What to produce:
The following data needs to be repeated exactly, with all images excluded.

[Available data]

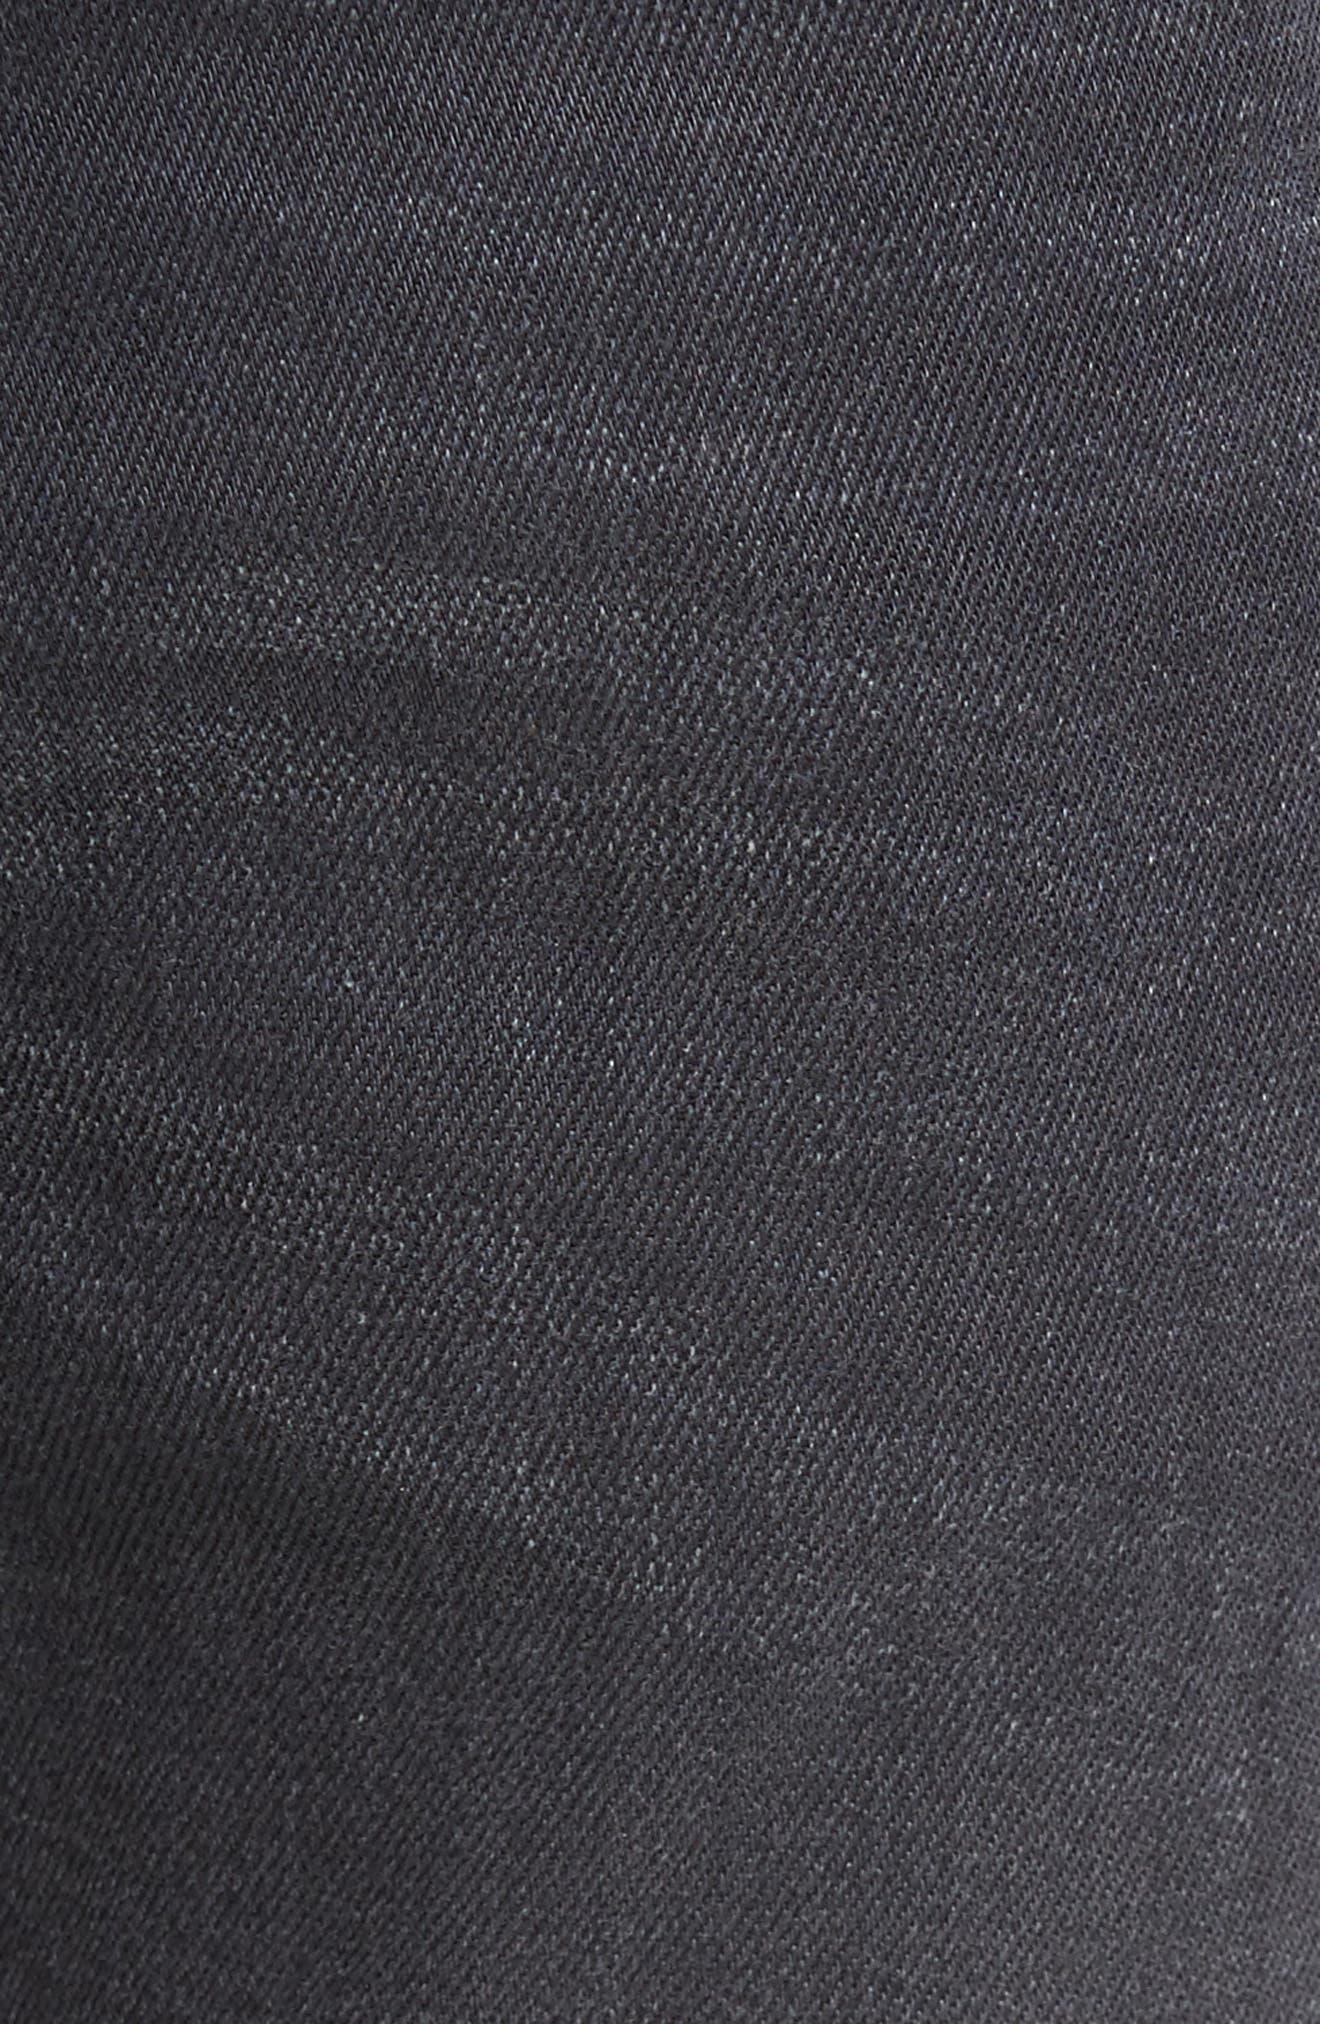 Thommer Slim Fit Jeans,                             Alternate thumbnail 2, color,
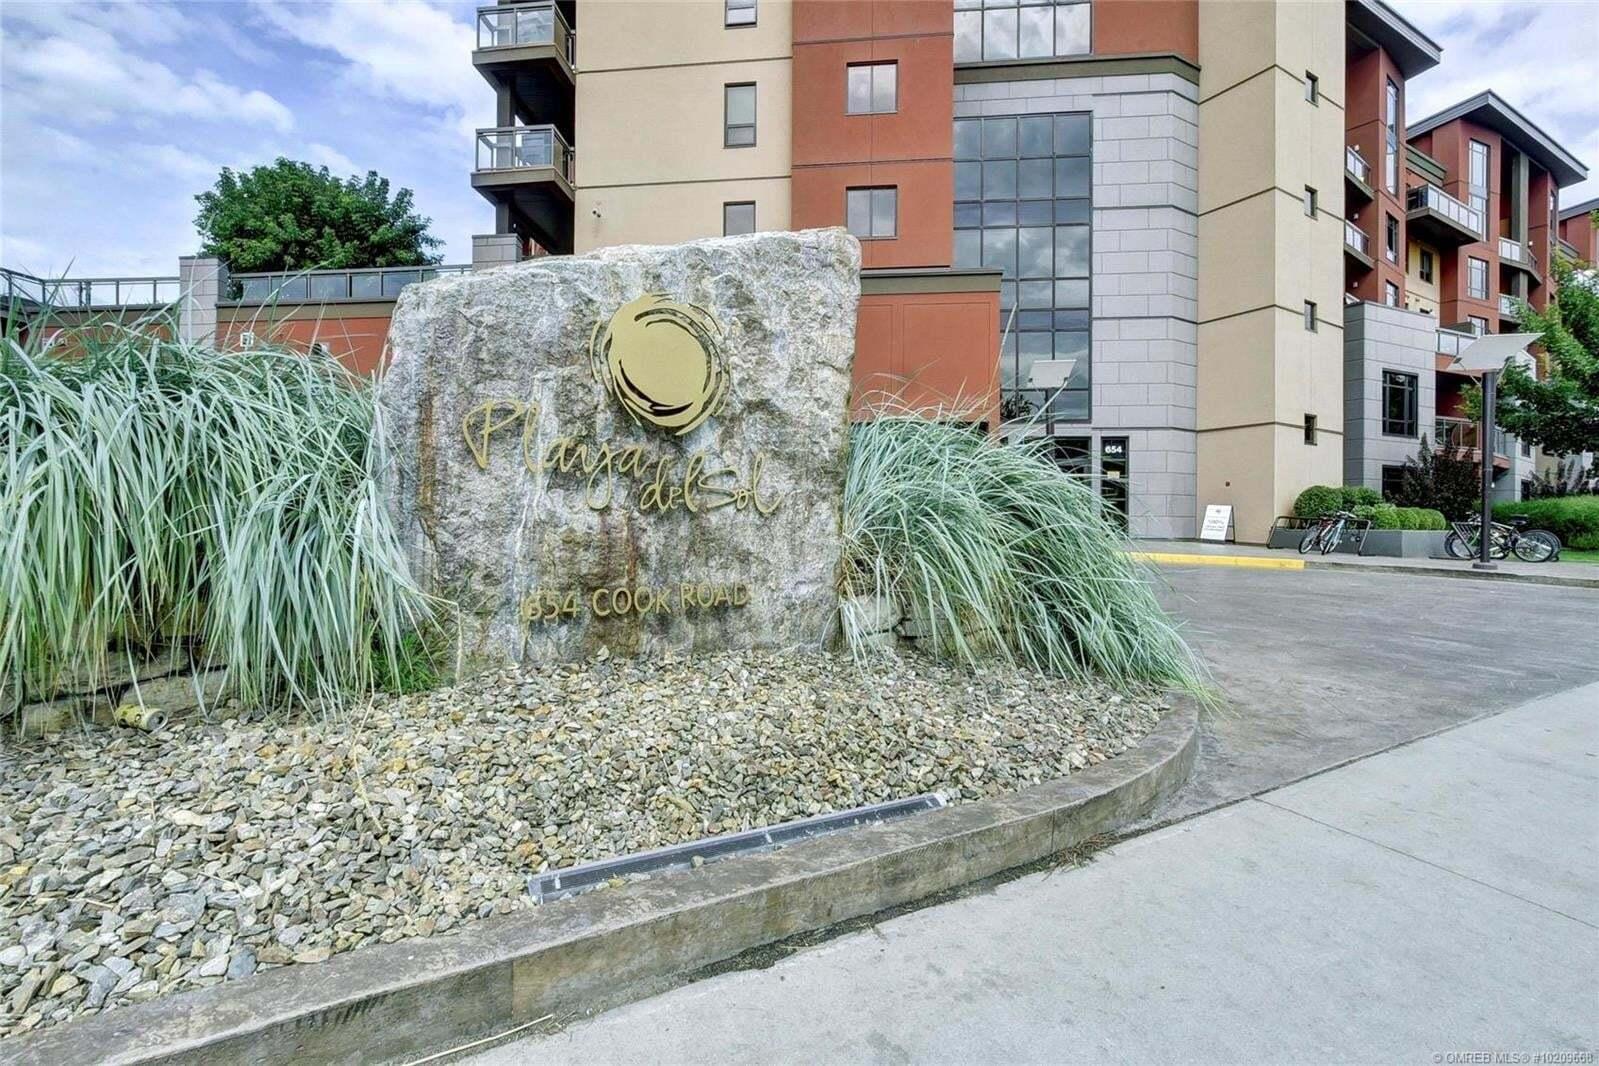 Condo for sale at 654 Cook Rd Unit 134 Kelowna British Columbia - MLS: 10209668
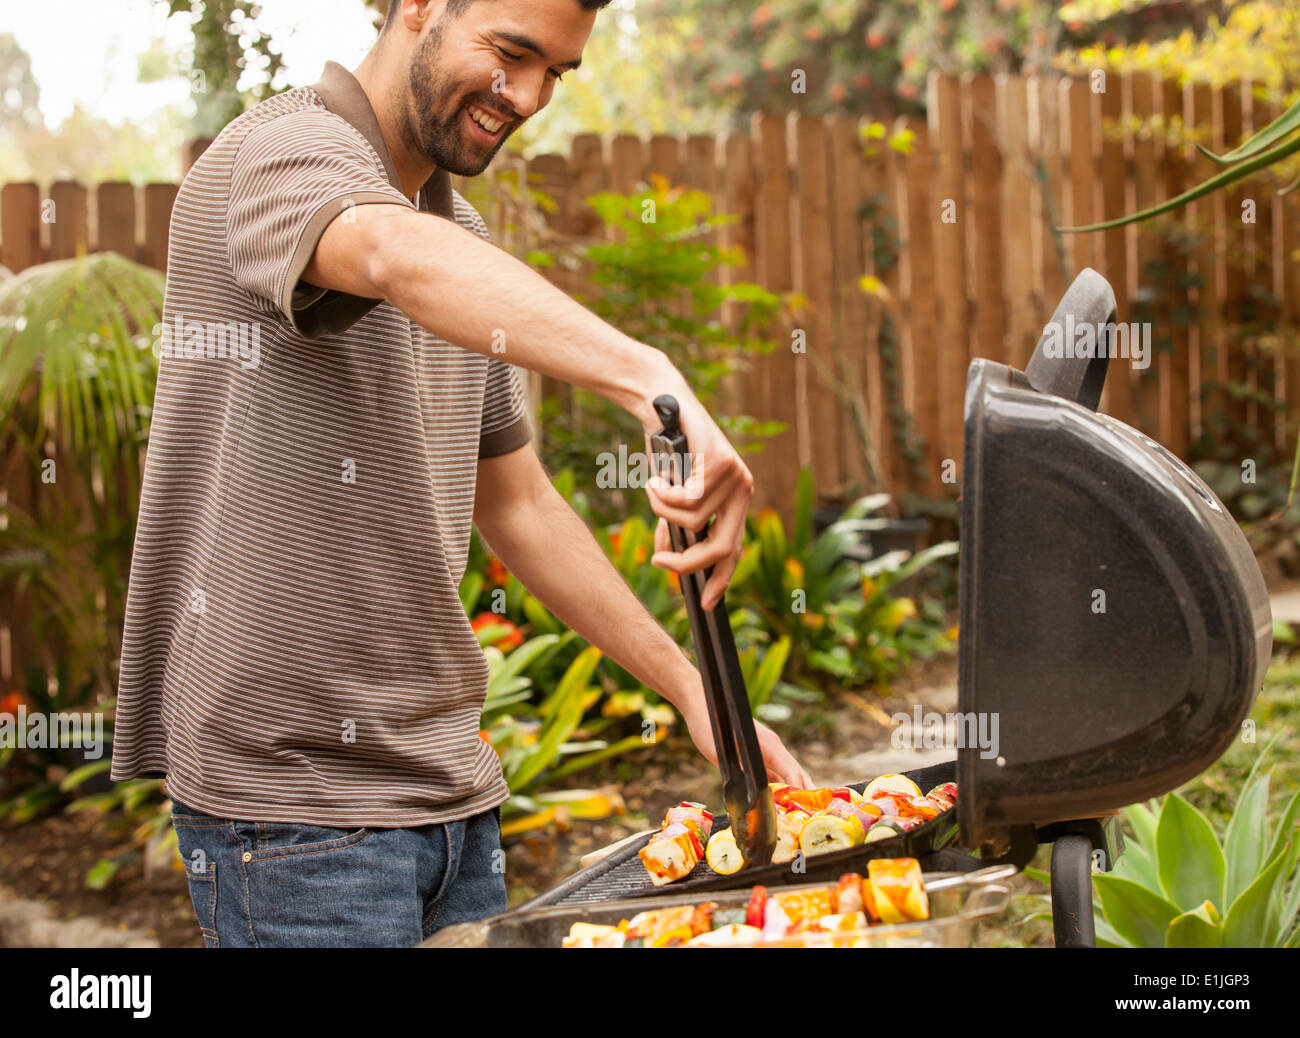 cooking stockfotos cooking bilder alamy. Black Bedroom Furniture Sets. Home Design Ideas
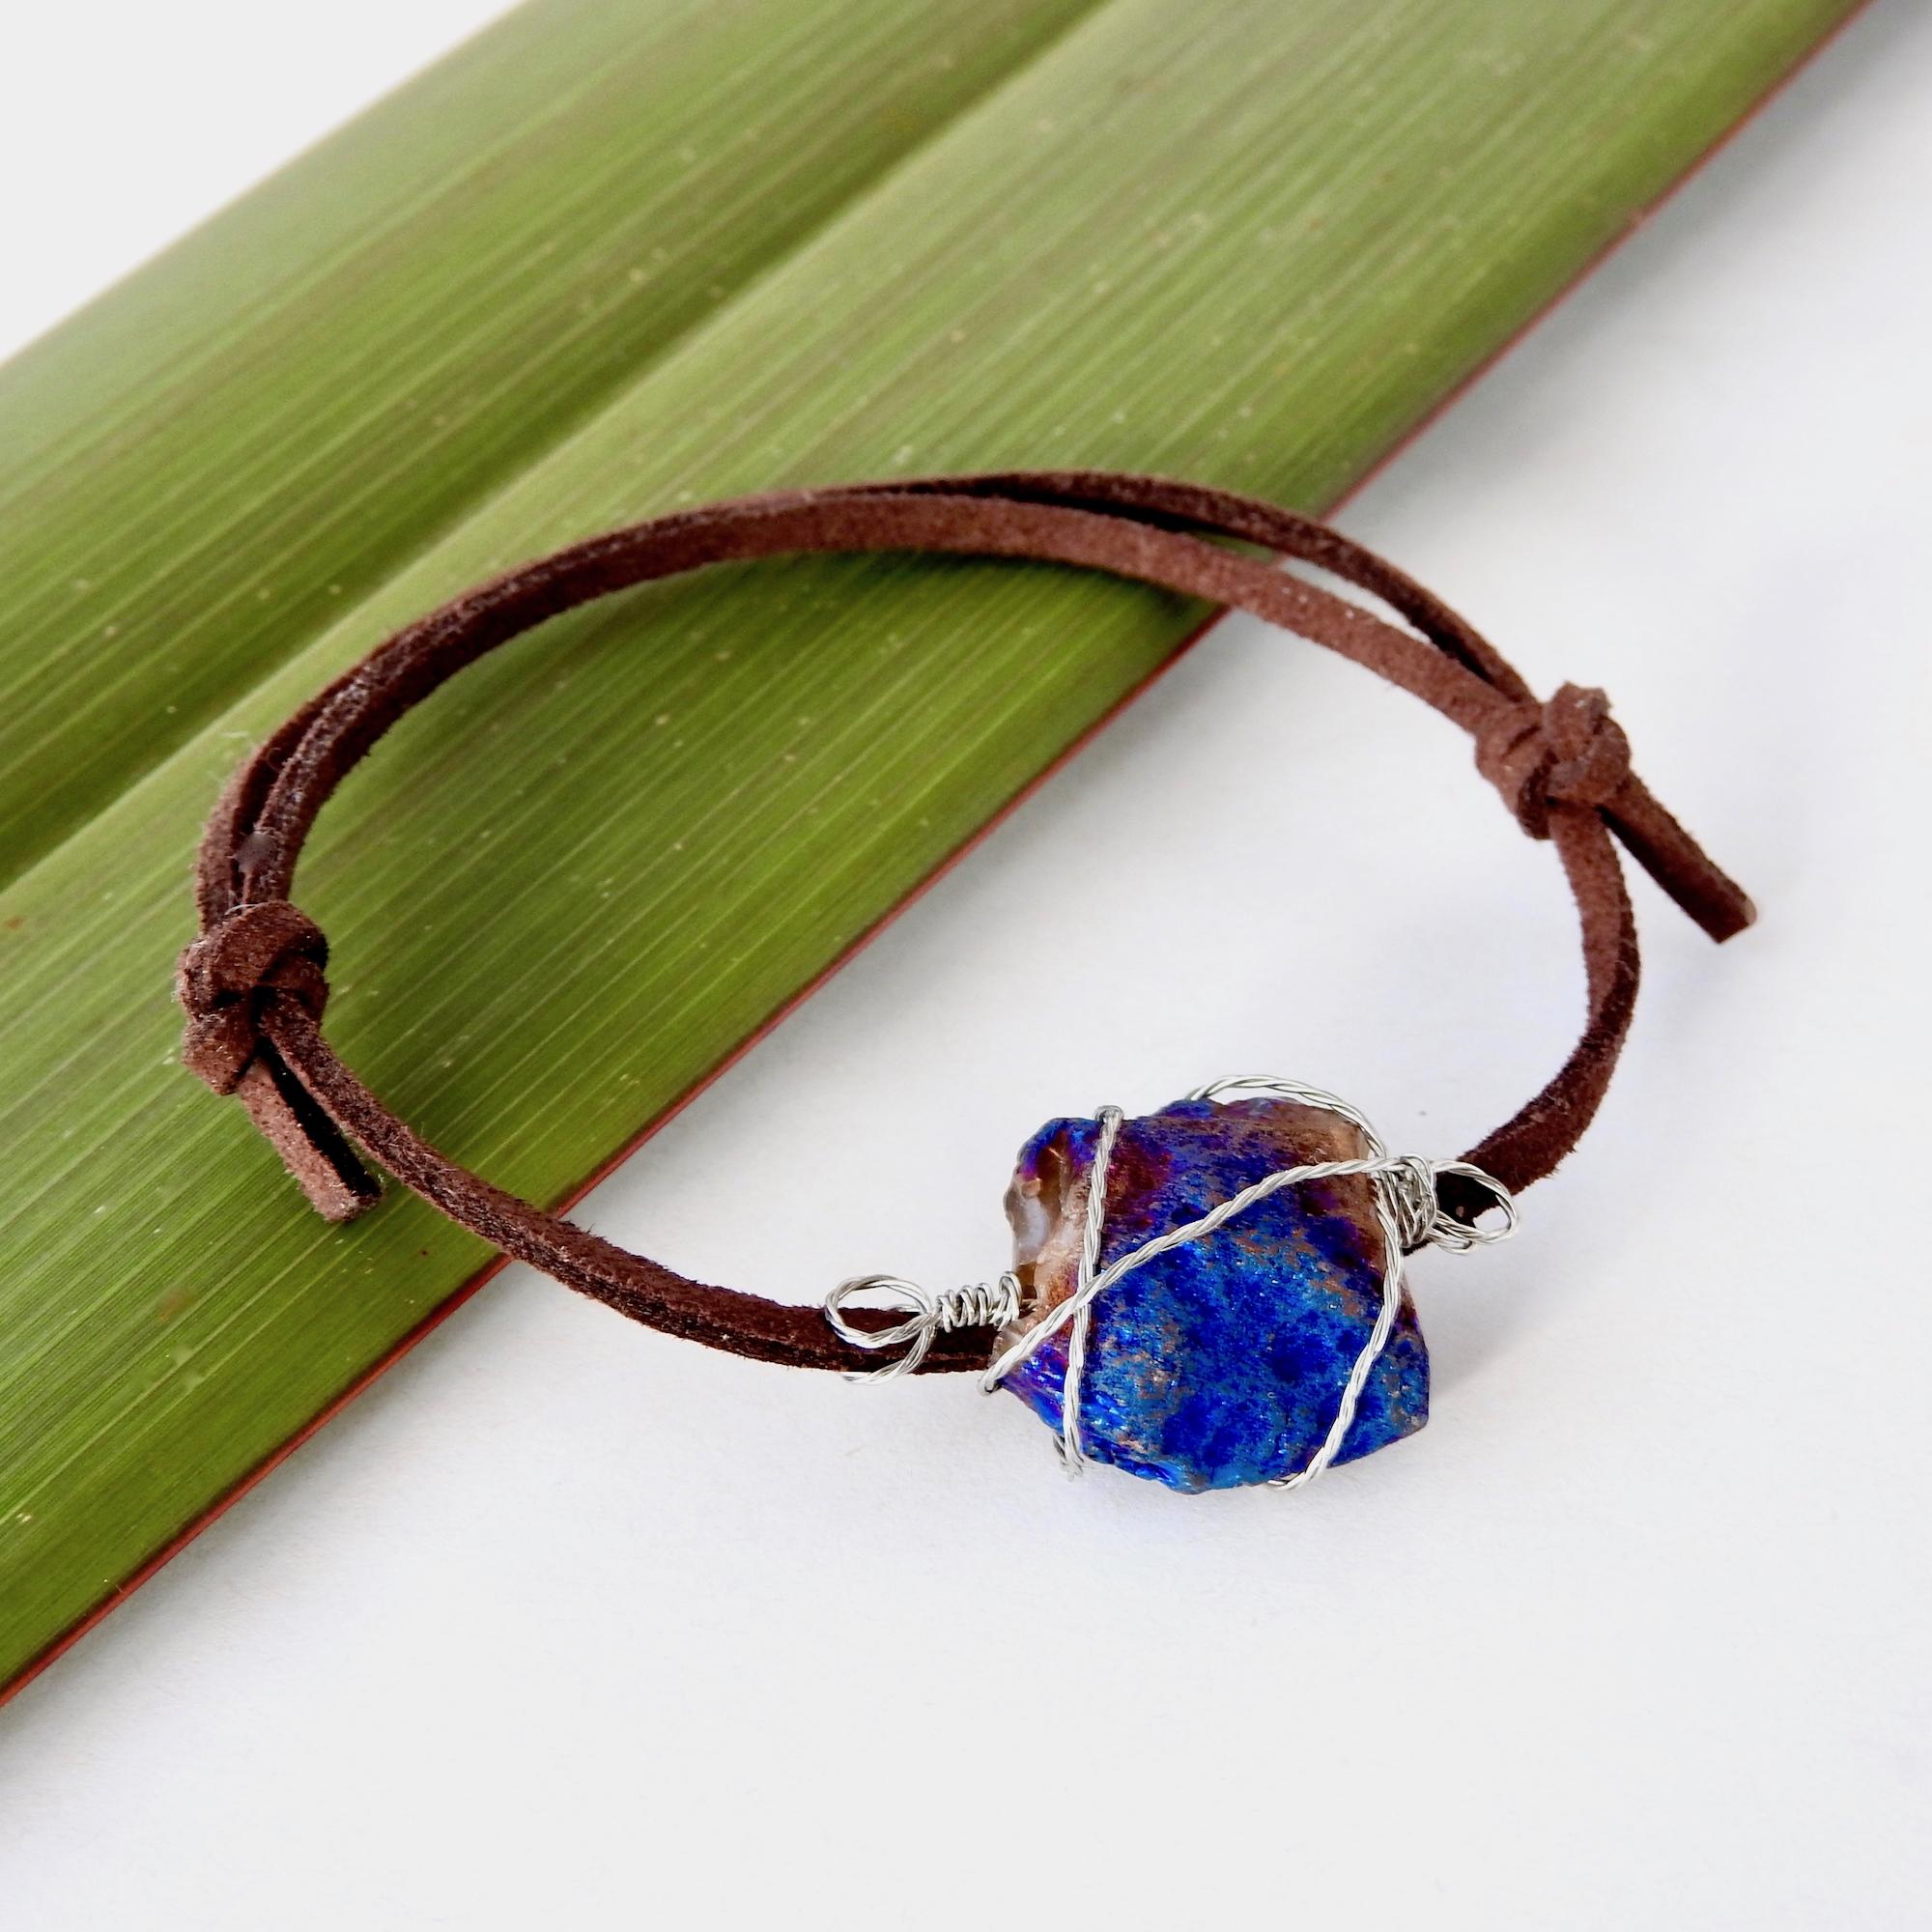 Iridescent Titanium Stone Bracelet for Men on adjustable chocolate brown suede cord

[/Available data]

Reply:
 Thommer Slim Fit Jeans,                             Alternate thumbnail 2, color,
 Condo for sale at 654 Cook Rd Unit 134 Kelowna British Columbia - MLS: 10209668
 cooking stockfotos cooking bilder alamy. Black Bedroom Furniture Sets. Home Design Ideas
 Iridescent Titanium Stone Bracelet for Men on adjustable chocolate brown suede cord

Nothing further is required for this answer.